──────── Material provided

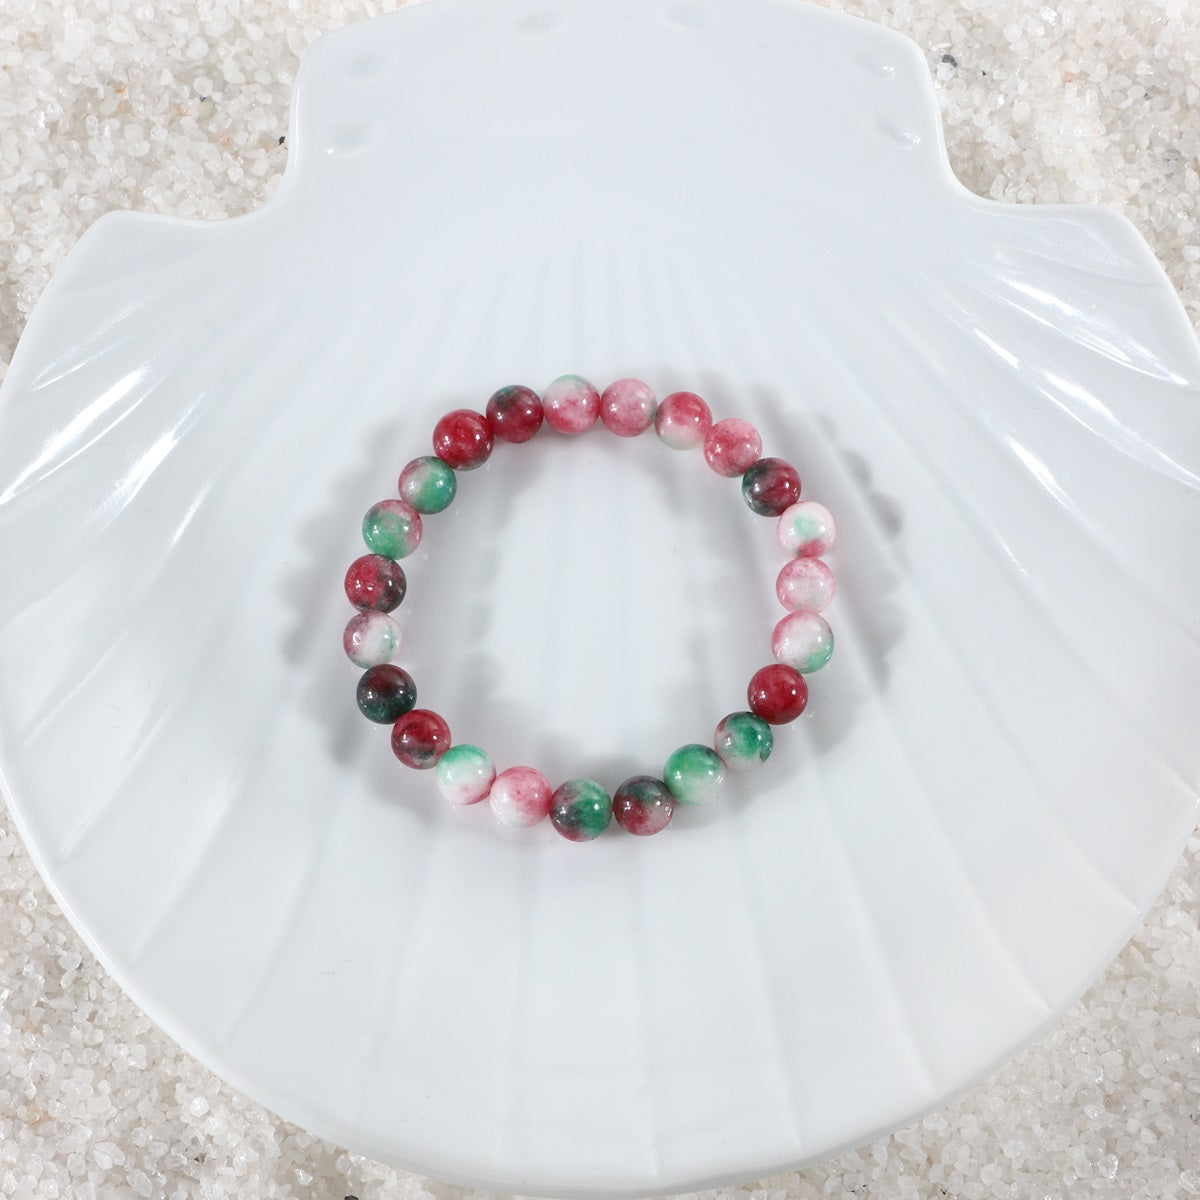 Symbolic image representing emotional healing associated with Watermelon Quartz, portraying the bracelet as a source of comfort and positive emotional energies
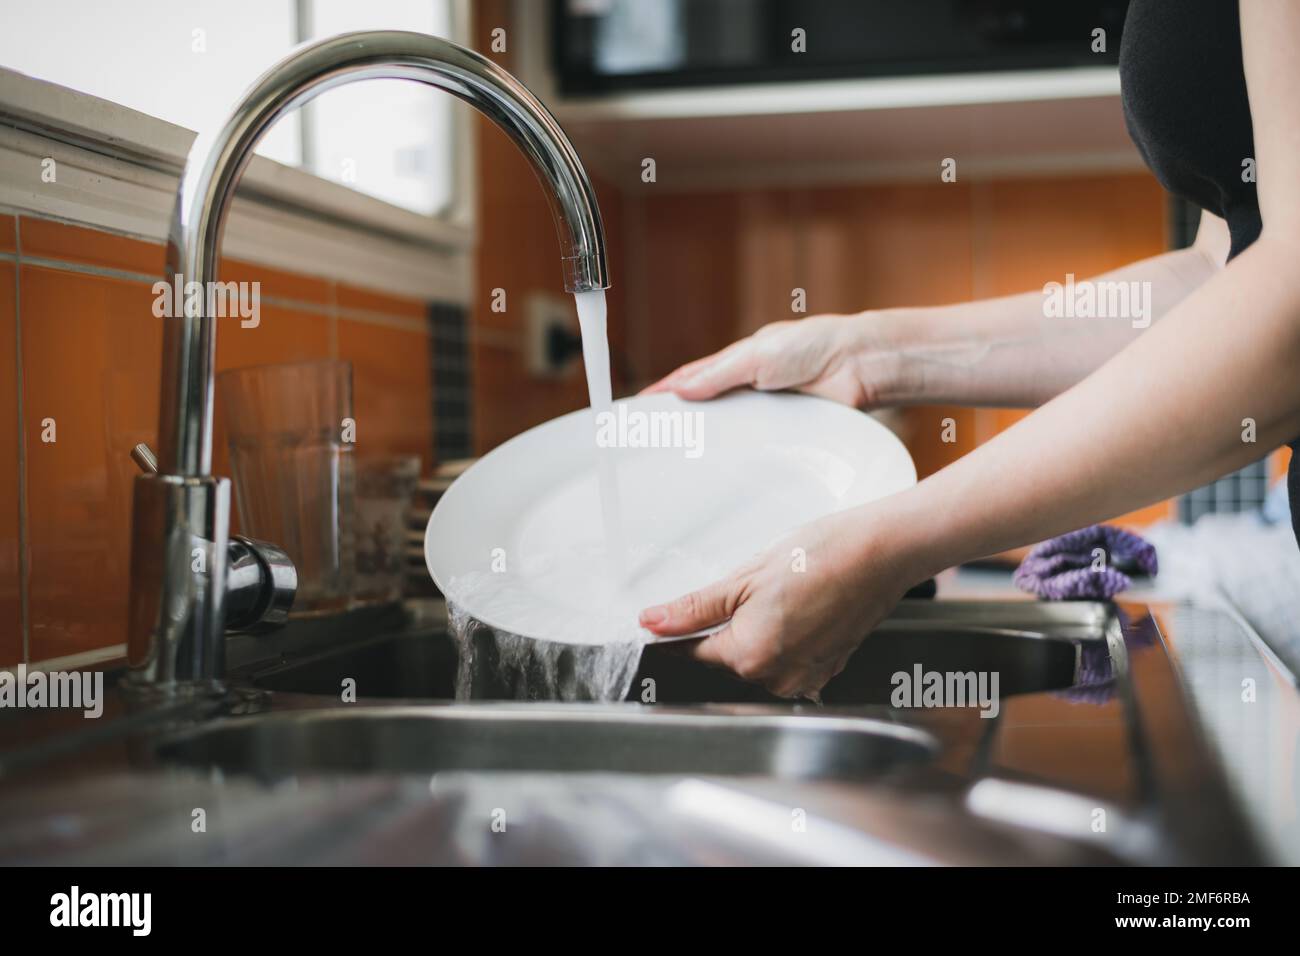 Woman washing dishes in kitchen sink, close up of hands rinsing plate. Stock Photo
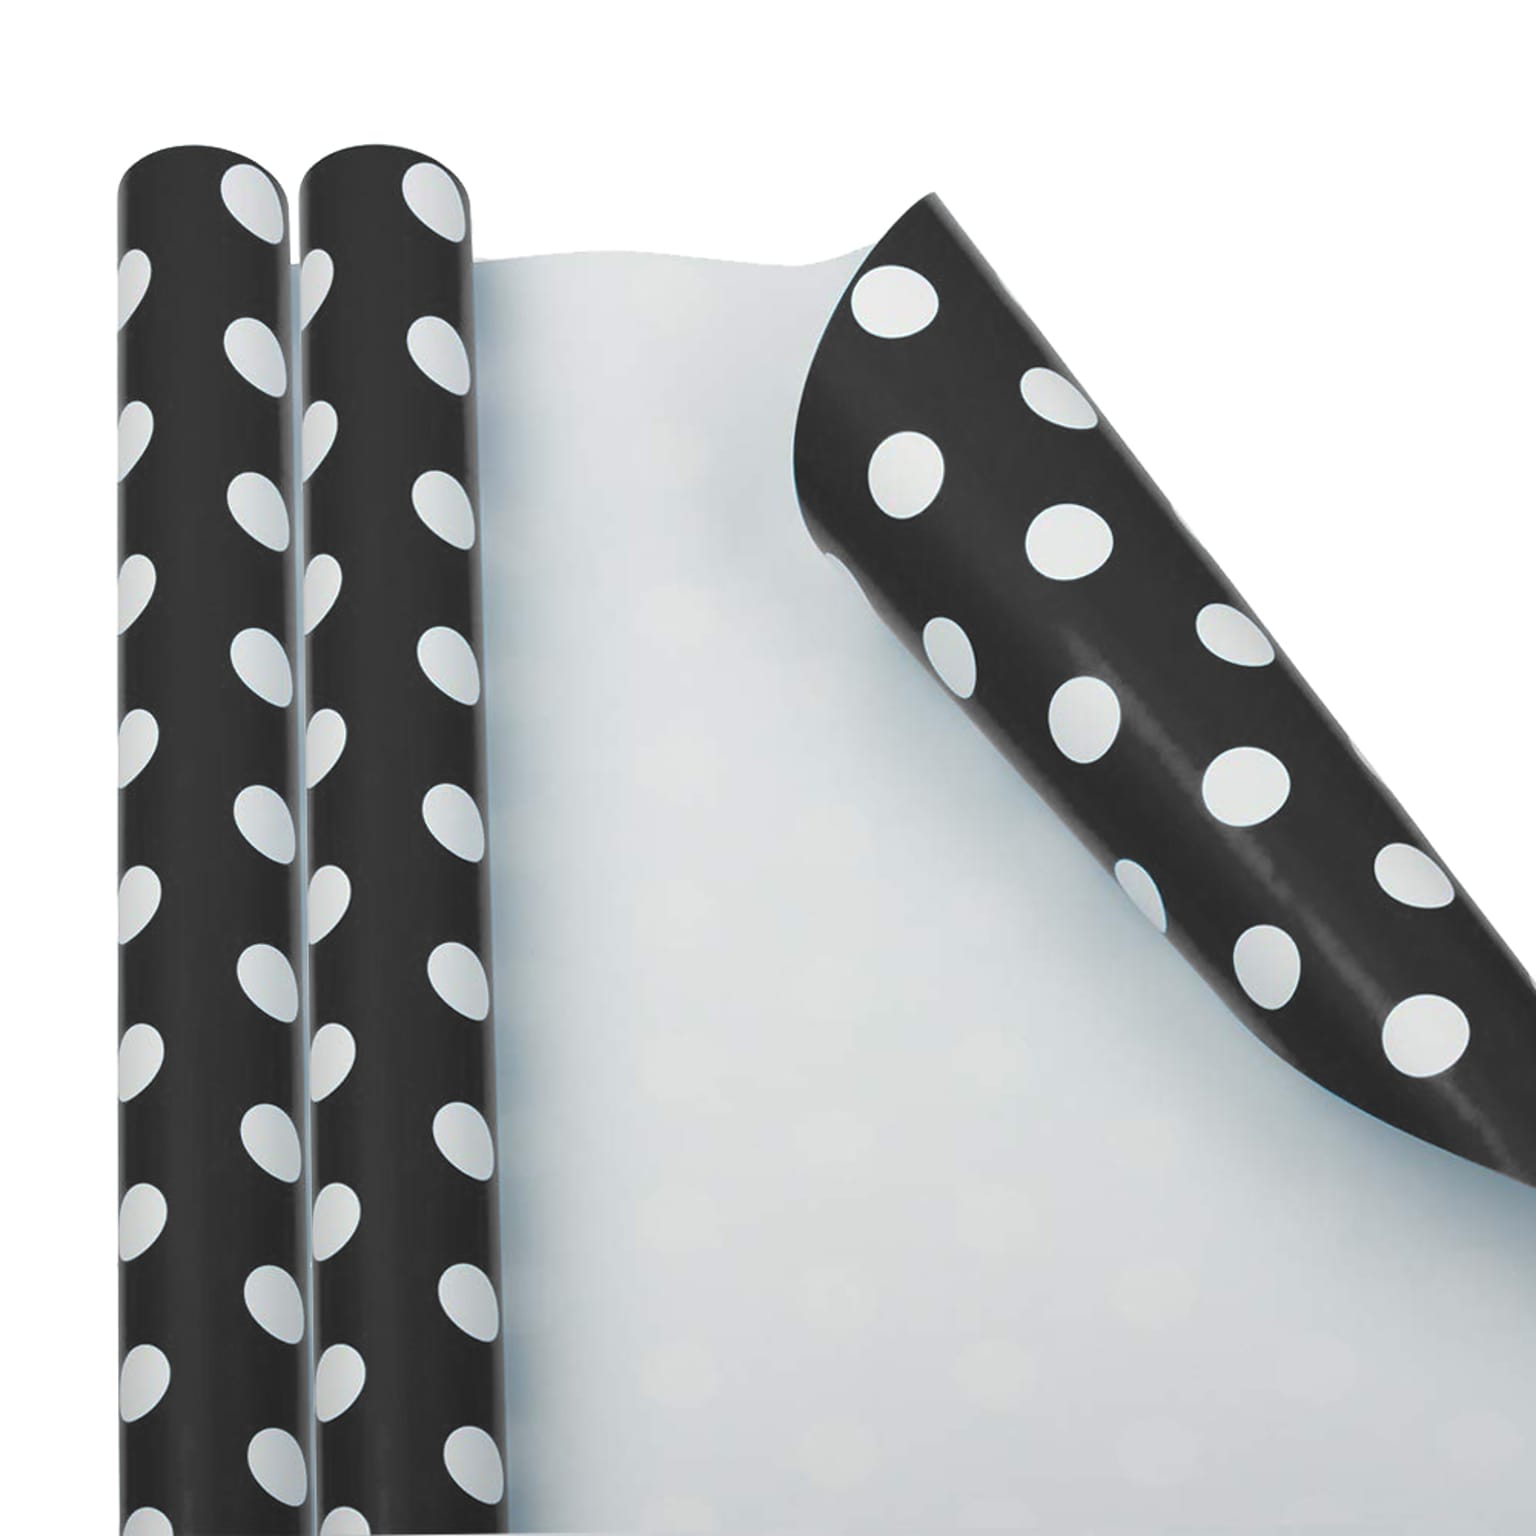 JAM PAPER Gift Wrap, Polka Dot Wrapping Paper, 25 Sq Ft per Roll, Black with White Dots, 2/Pack

────────────────

◆ Problem to work on
In full and without change, repeat the material above, minus the pictures.

◆ Task response
 Symbolic image representing emotional healing associated with Watermelon Quartz, portraying the bracelet as a source of comfort and positive emotional energies
 Woman washing dishes in kitchen sink, close up of hands rinsing plate. Stock Photo
 JAM PAPER Gift Wrap, Polka Dot Wrapping Paper, 25 Sq Ft per Roll, Black with White Dots, 2/Pack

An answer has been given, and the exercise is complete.